#### DATA PROVIDED

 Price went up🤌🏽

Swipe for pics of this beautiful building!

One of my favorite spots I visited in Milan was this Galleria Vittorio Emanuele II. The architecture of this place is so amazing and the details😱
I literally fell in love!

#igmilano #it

########
#### DATA PROVIDED

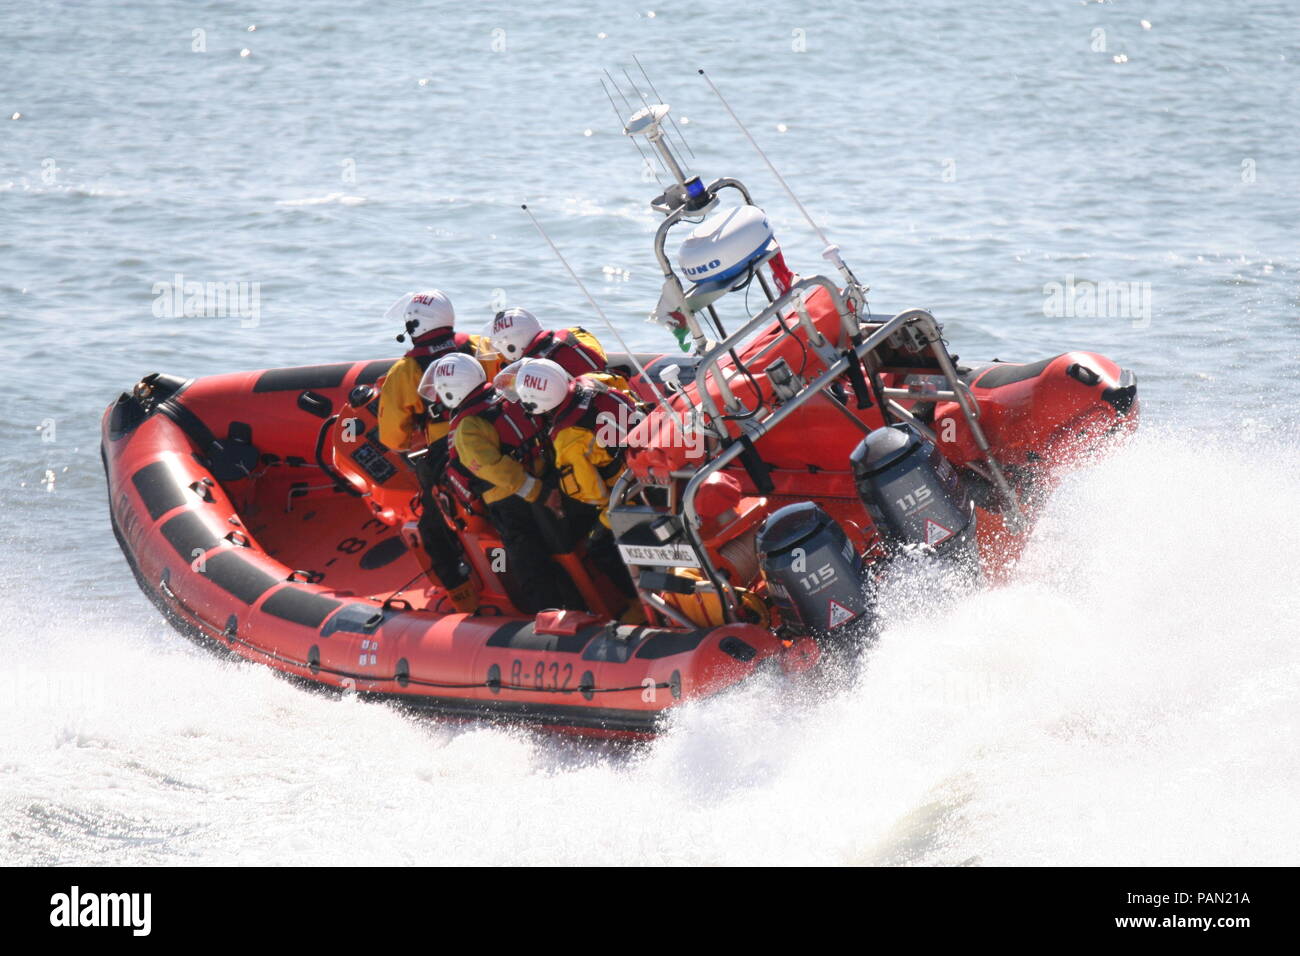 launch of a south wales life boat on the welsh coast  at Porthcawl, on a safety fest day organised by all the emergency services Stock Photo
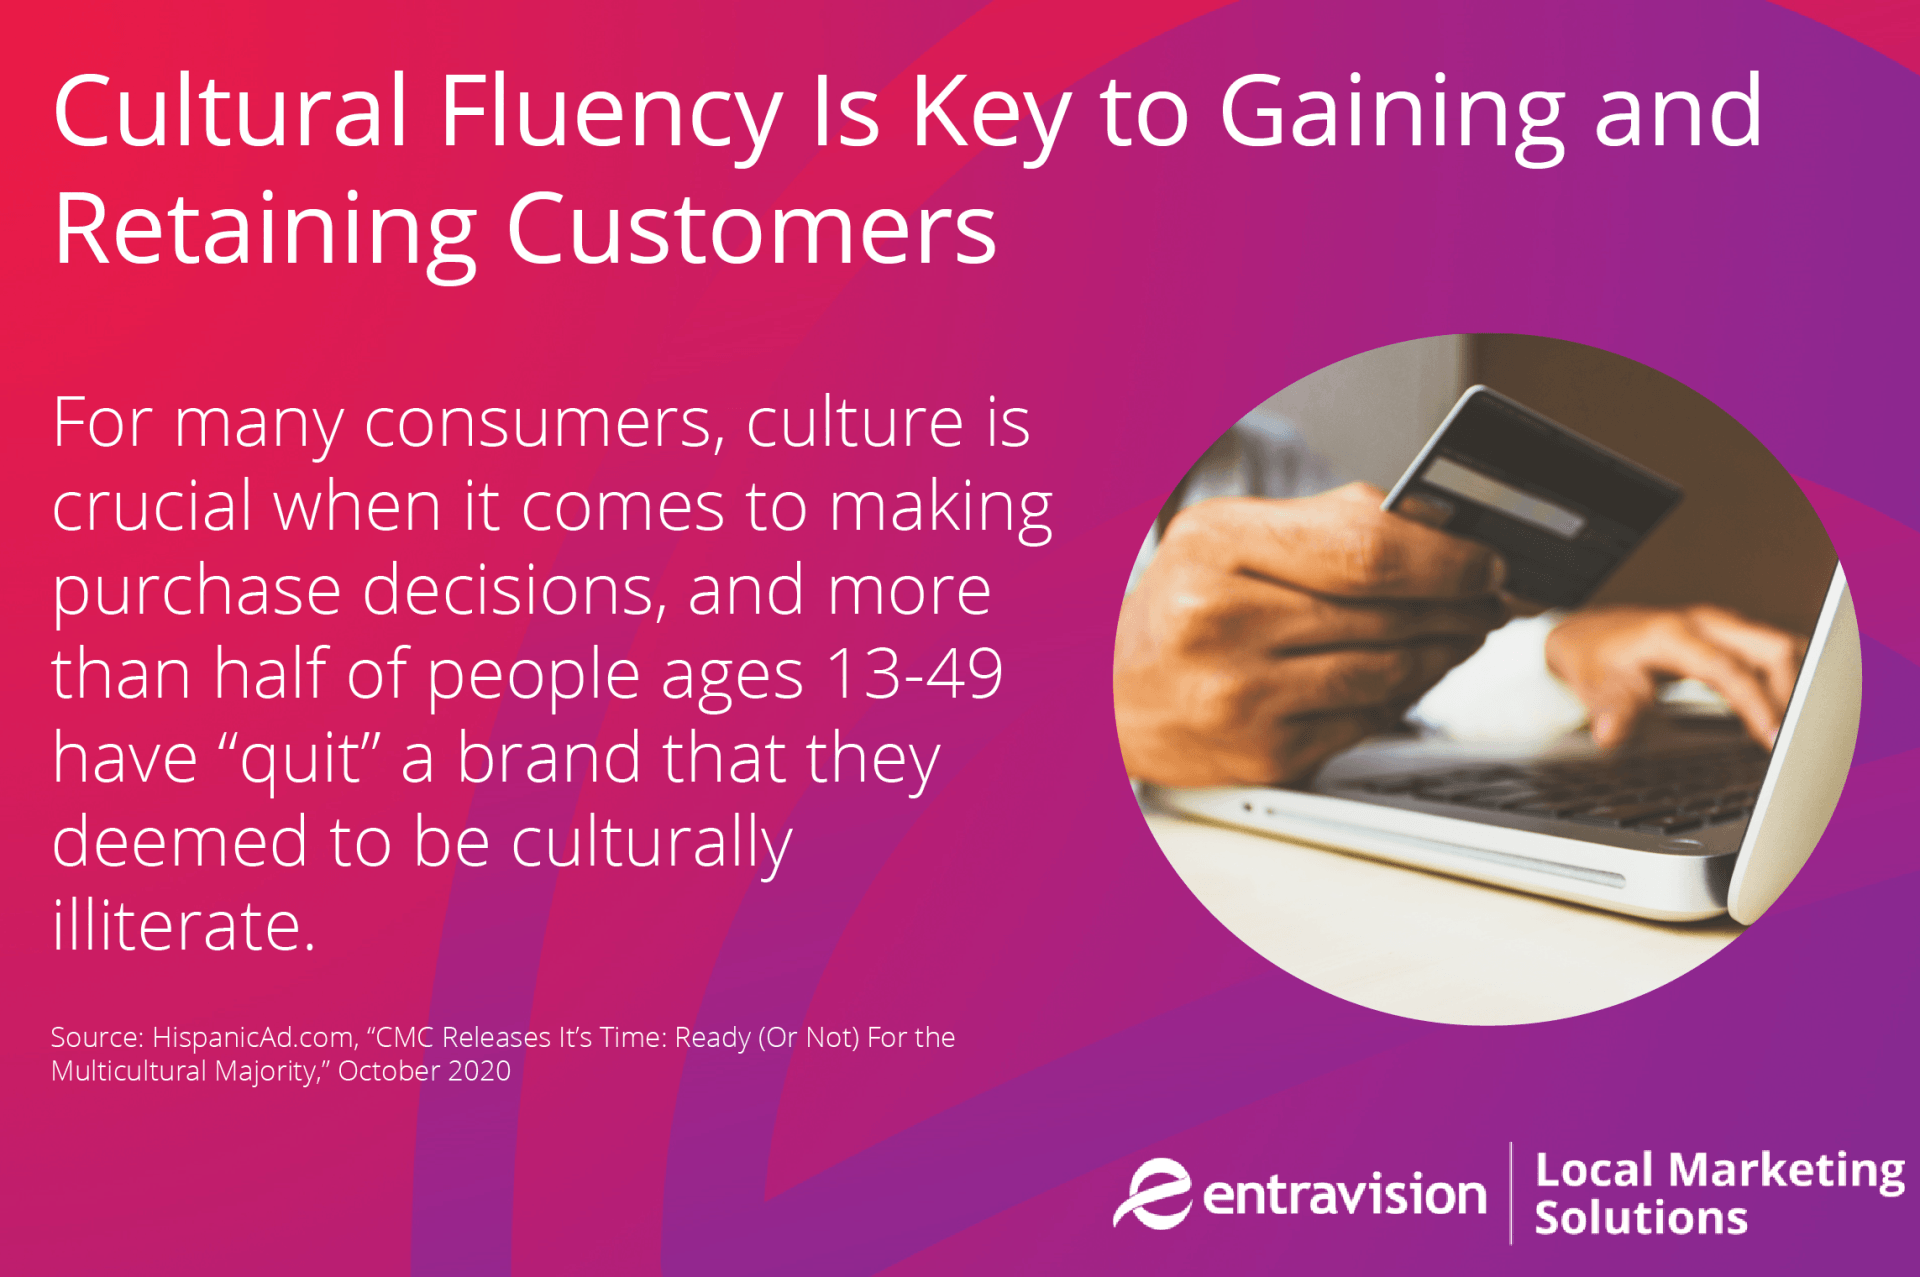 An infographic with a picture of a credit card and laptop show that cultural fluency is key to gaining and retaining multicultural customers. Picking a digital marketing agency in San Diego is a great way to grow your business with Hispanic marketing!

########

• WHAT THE EXERCISE ASKS:
From the listing above, return the lines starting at the one with "Price went up🤌🏽" and ending at the one with "#igmilano #it", both kept, exactly as they appear and nothing more.

• FINISHED EXERCISE:
 Price went up🤌🏽

Swipe for pics of this beautiful building!

One of my favorite spots I visited in Milan was this Galleria Vittorio Emanuele II. The architecture of this place is so amazing and the details😱
I literally fell in love!

#igmilano #it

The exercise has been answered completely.